The appointment of Earl Spencer was not pleasing to Mr. Forster, and he sent in his resignation, his ostensible reason being the proposed suspension of the Coercion Act, which had enabled the Irish executive to imprison Parnell. Forster, however, was more concerned with his own status. Lord Spencer would retain his seat in the Cabinet, which meant that the Chief Secretary's position would be of less importance than hitherto. The Prime Minister accepted the resignation without more than the expected and usual formal expressions of regret. Lord Frederick Cavendish was selected to succeed him, and on the same day the viceroy and the Chief Secretary crossed the Channel. This was the fatal May 6, 1882. Lord Spencer was sworn in at Dublin Castle, and during the afternoon he was engaged in 'that grim apartment in Dublin Castle, where successive Secretaries spend unshining hours in saying "No" to impossible demands and hunting for plausible answers to insoluble riddles.' At five o'clock the Viceroy started to ride to Phoenix Park, and at six Lord Frederick Cavendish followed. In the Park he was overtaken by Mr. Burke, the Under-Secretary, and a few minutes later both men were foully murdered within sight of the Viceregal Lodge.
The Phoenix Park murders
Lord Spencer wrote the following account of his knowledge of the murders—a statement inspired by a report that he had actually witnessed the affray and innocently regarded it as an unimportant scuffle:
'It is said that I saw the murder. That is not so. I had asked Cavendish to drive to the Park with me. He said he would not; he would rather walk with Burke. Of course, if he had come with me it would not have happened. I then rode to the Park with a small escort—I think, my aide-de-camp and a trooper. Curiously enough, I stopped to look at the polo-match which Carey described, so that he and I seem to have been together on that occasion. I then turned towards the Viceregal Lodge. The ordinary and more direct way for me to go was over the very scene of the murder. Had I so gone the murders would not probably have been committed. Three men coming up would have prevented anything of that kind. But I made a slight detour, and got to the lodge another way. When I reached the Lodge I sat down near the window and began to read some papers. Suddenly I heard a shriek which I shall never forget. I seem to hear it now; it is always in my ears. This shriek was repeated again and again. I got up to look out. I saw a man rushing along. He jumped over the palings, and dashed up to the Lodge shouting: "Mr. Burke and Lord Frederick Cavendish are killed!" There was great confusion, and immediately I rushed out; but someone of the household stopped me, saying that it might be a ruse to get me out, and advising me to wait and make inquiries. Of course, the inquiries were made, and the truth soon discovered. I always deplore my unfortunate decision to make that detour, always feeling that if I had gone to the Lodge by the ordinary way the murders would have been prevented. I have said that I did not see the murder, but my servant did. He was upstairs, and saw a scuffle going on, but, of course, did not know what it was about.'
No political crime produced as great a sensation as these senseless and stupid murders. The news came to London late in the evening, when Ministers were dining out. The Home Secretary was attending a dinner-party at the Austrian Embassy when a messenger hurried in to tell of the dreadful calamity, and very soon all his colleagues were in possession of the dreadful tidings.
Another Coercion Act
The murders meant the end of the policy of conciliation, and the House of Commons gave a ready assent to another Coercion Act. Parnell wrote to Gladstone offering to resign his seat, but the premier was not the person to judge members of the House of Commons. With perfect courtesy he acknowledged the feeling that had prompted the Irish leader's letter, though he must have known that if there had been no Land League there would have been no Phoenix Park murders.

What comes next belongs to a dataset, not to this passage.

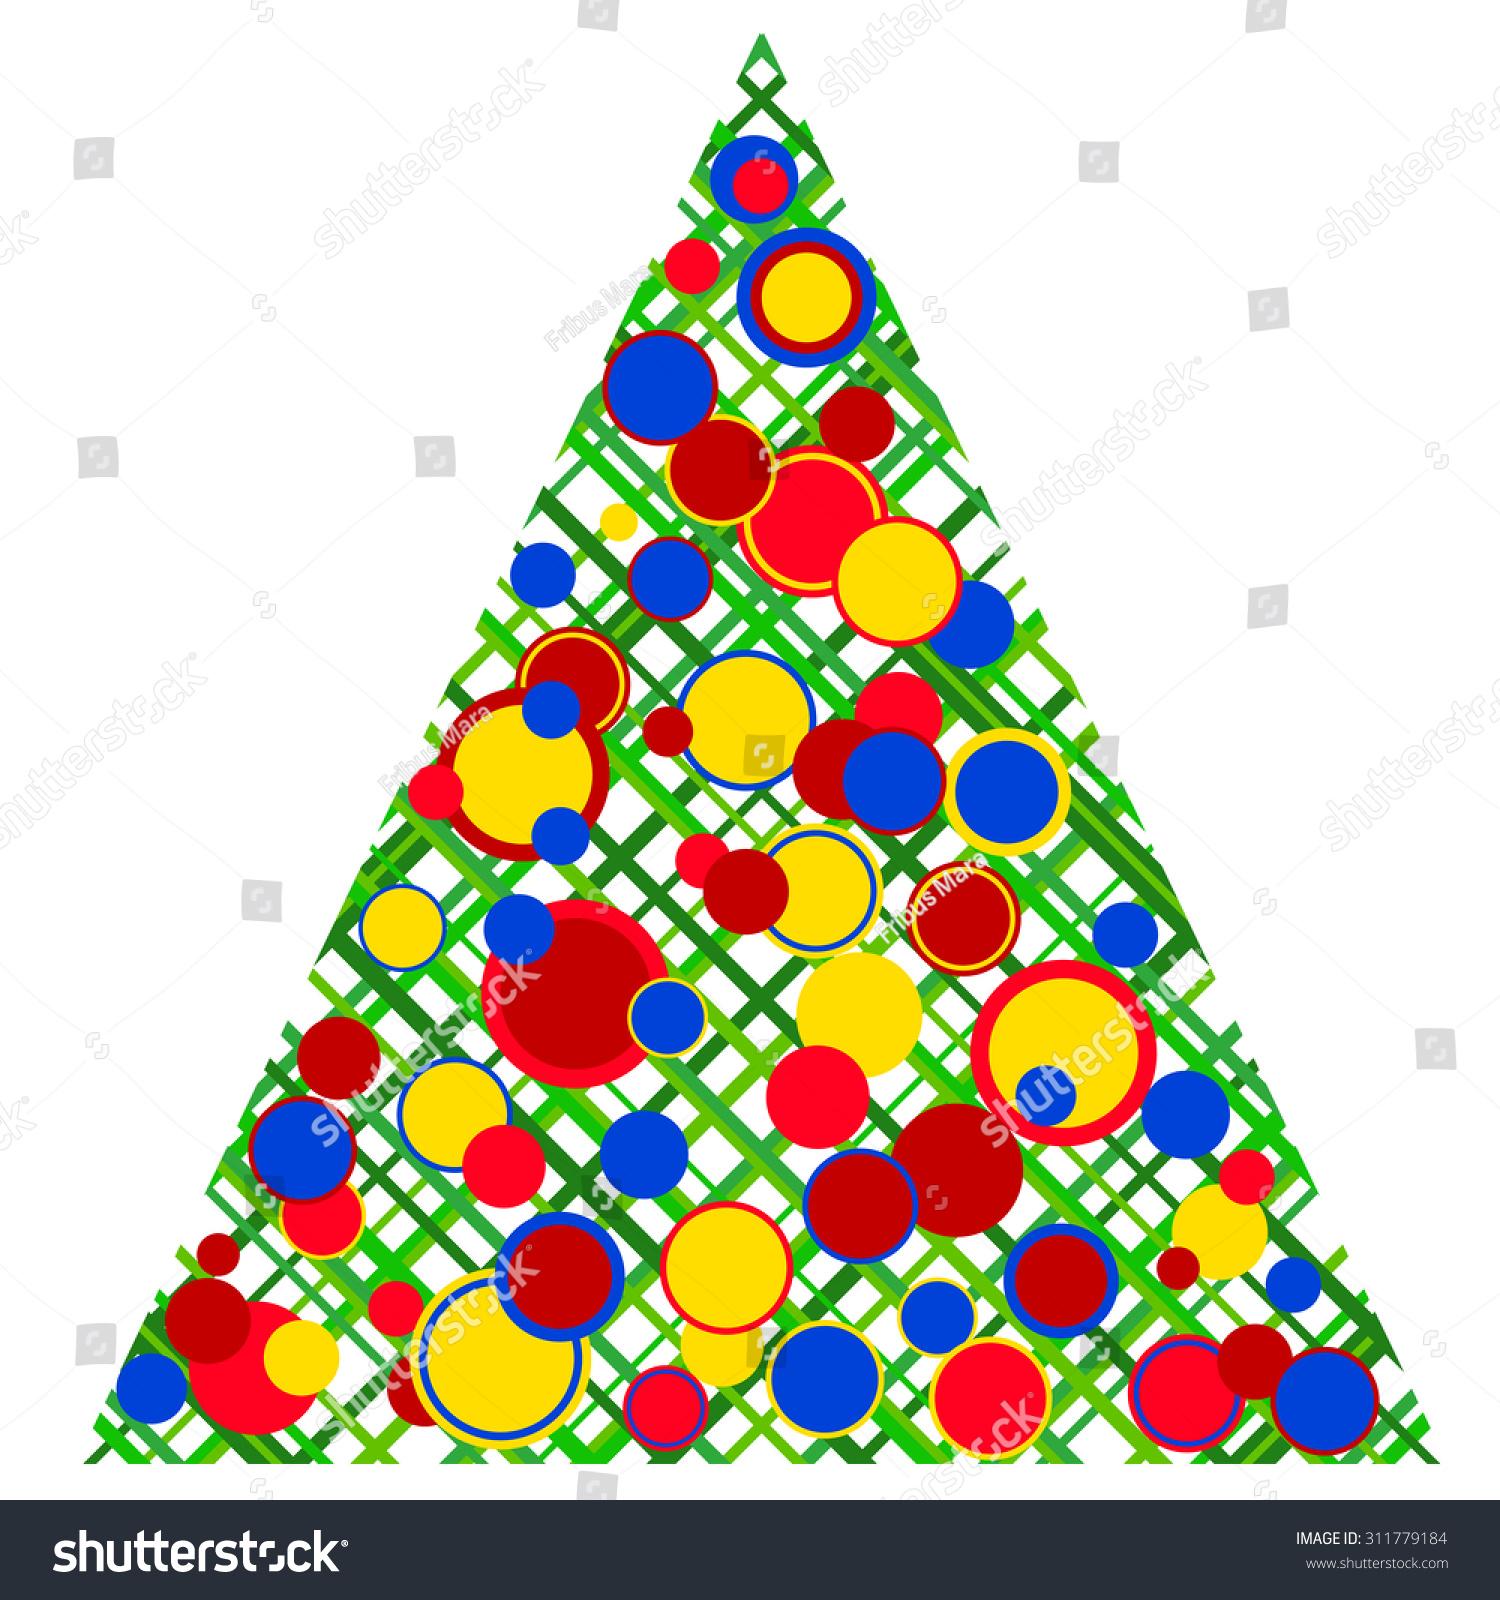 Stylized christmas tree ornaments stock illustration

It is one of the most difficult of tasks to write familiar history in an original manner. The worthless lives of the assassins paid the penalty of the law, and a crude justice was meted out to Carey, the informer, who was shot dead by O'Donnell on board the liner which was taking him to safety. O'Donnell was brought back from South Africa and executed, but the punishment of the actual murderers was a small part of the after-effects of the whole disastrous episode.
It was not long before the party of progress by murder and revolution cast off the sackcloth it had donned on the deaths of Mr. Burke and Lord Frederick Cavendish. The viceroy, with his back against the wall, was compelled to fight for his own life as well as for the existence of law and order. The Parnellites, confident in their well-established reputation for obstruction and their followers' capacity for riot, looked forward to the day when they could dictate terms to one of the great political parties in England. The granting of an extended franchise in 1884 had cleared the way for an all-Nationalist Ireland. The Liberal party was, as usual, blindly handing to their opponents weapons to be used for the destruction of Liberalism.